The big limitation with this study is that all of the data used by the researchers was self-reported, which means that people may not have accurately portrayed their drinking habits. Overall, however, these results suggest that our relationship with alcohol has changed significantly compared to last year.

And another recent study published online in Addictive behavior Last June shows that our feelings of perceived threat and general psychological distress from the pandemic can fuel these changes. For this study, 754 participants (50% women) completed an online survey in mid-April. The survey asked about their alcohol use over the past month, how anxious and stressed they were about the COVID-1

9 pandemic, and whether or not participants felt that the pandemic had affected their mental health.

Their results showed that in men and women, the frequency of drinking reported by participants increased with increasing anxiety, stress, and distress. However, the results were far more pronounced in women than in men. For those who reported lower levels of COVID-19 stress, men generally reported drinking more alcohol than women, which is a longstanding pattern. As the stress level of women increased, however, they essentially “caught up” with the drinking level of men, explained the study’s authors.

Again, this study relies on self-reported data that may not fully reflect people’s drinking habits. However, the results here are in line with what we’ve seen in other studies and what we know about changing patterns of alcohol use in the United States

Unfortunately, this trend is not new. Although women generally drink less than men, new data from the Centers for Disease Control and Prevention (CDC) confirms that alcohol-related deaths among women and men have increased over the past decade. And previous research found that women are being admitted to the emergency room for alcohol-related problems at a rate that is significantly faster than that of men. Women already drank more and had more health effects from drinking than in the past, and the pandemic may have exacerbated this trend.

When does pandemic drinking become a problem? Technically, despite a pandemic, we should all (rude) stick to a moderate amount of alcohol, which, according to the CDC, means one drink a day for women and two drinks a day for men. Drinking more than this regularly could be a sign that you are getting into excessive drinking, which includes heavy drinking and binge drinking.

But really any increase in the amount or frequency you drink could be something to watch out for if you think it is related to COVID-19 stress, SELF previously explained. Even if you drink the same amount as before, if your drinking habits are different (like you drink earlier in the day) it could be a red flag too.

Drinking isn’t the healthiest or most effective coping mechanism out there (although it’s understandably alluring to many of us).
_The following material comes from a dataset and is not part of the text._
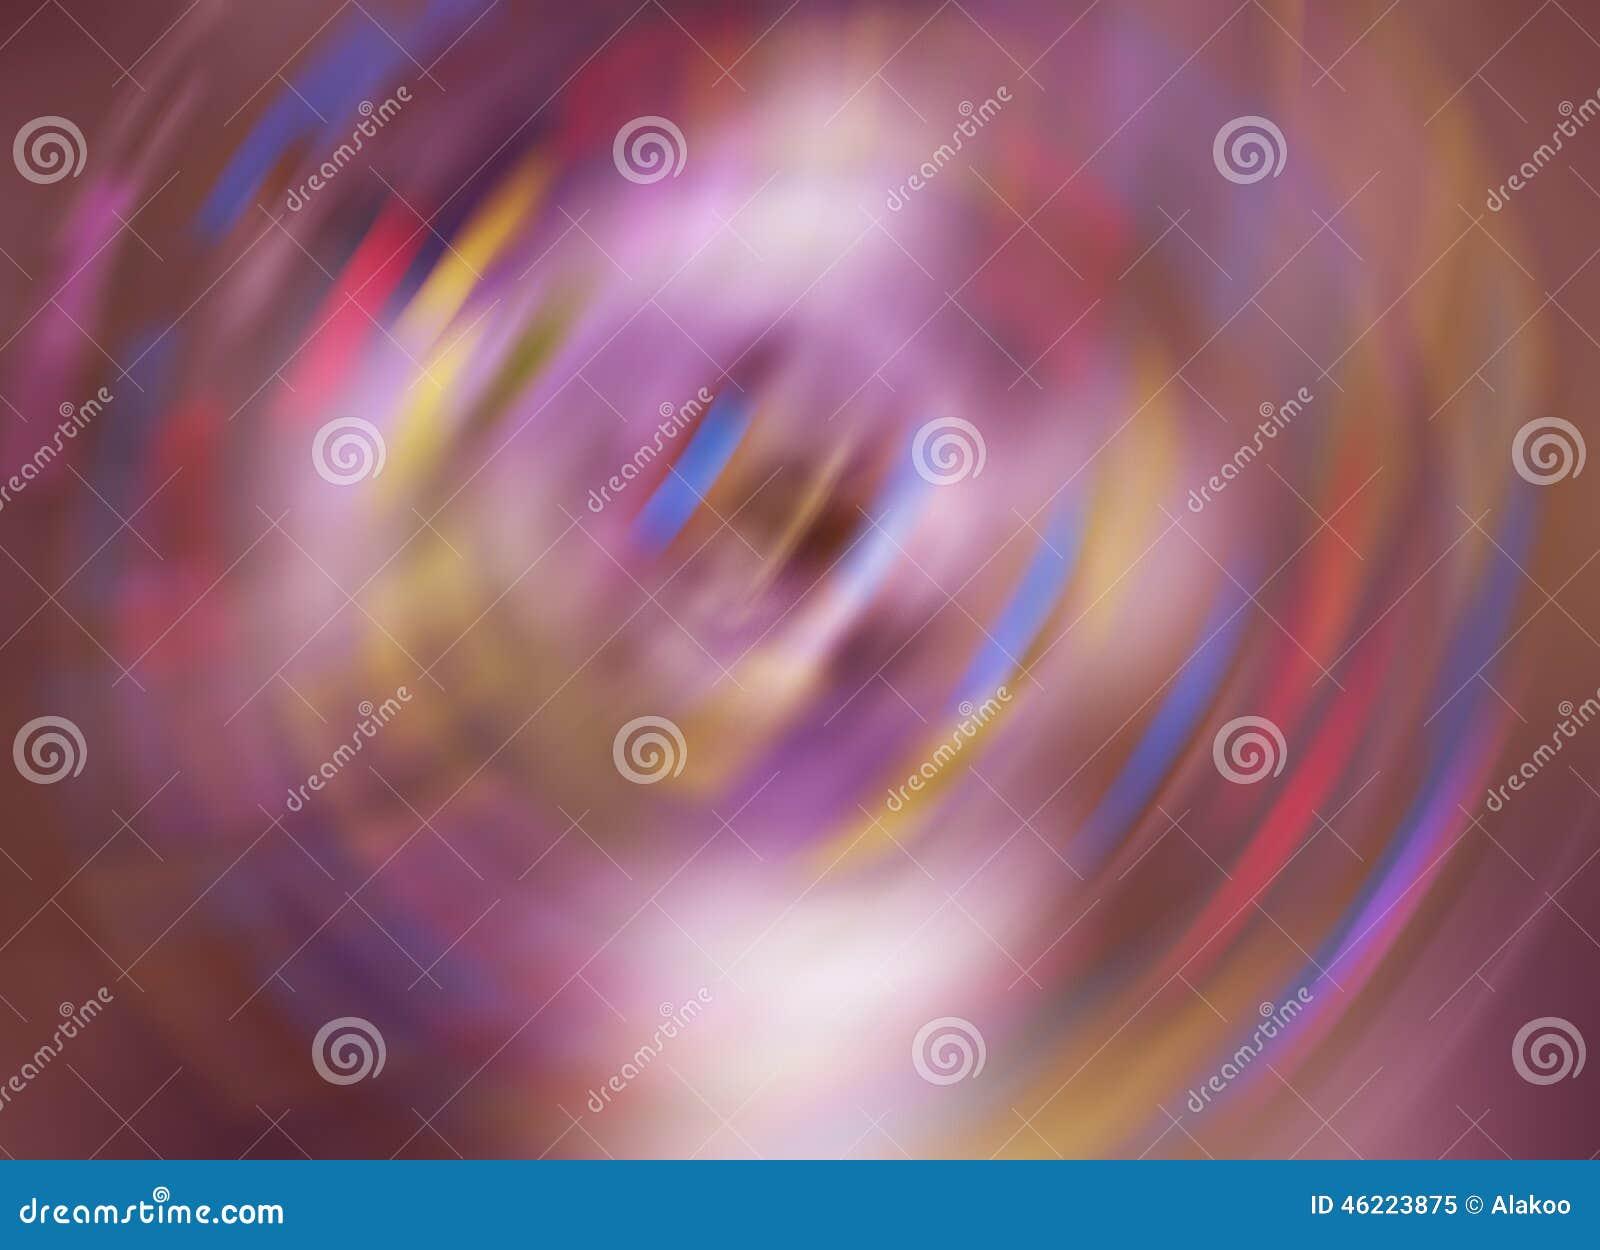 το χρώμα που περιστρέφει το αφηρημένο υπόβαθρο θαμπάδων κινήσεων ταχύτητας, περιστρέφεται θολωμένο το περιστροφή σχέδιο

The side effects of drinking, including hangover, can actually worsen feelings of depression and anxiety, which you may have been trying to relieve. And over-drinking has some pretty well-known negative health consequences. Hence, it is important to monitor both your drinking habits and the underlying reasons why you are reaching for a drink.

If you want to reduce your alcohol consumption, first pay attention to when, why and how much you drink. You can also make a plan of how much to drink during the week – and how to avoid over-drinking, SELF explained earlier. And if you feel like you’re leaning too heavily on alcohol right now, it might be worth developing other healthier coping mechanisms to help handle the current affairs, possibly with the help of a psychologist.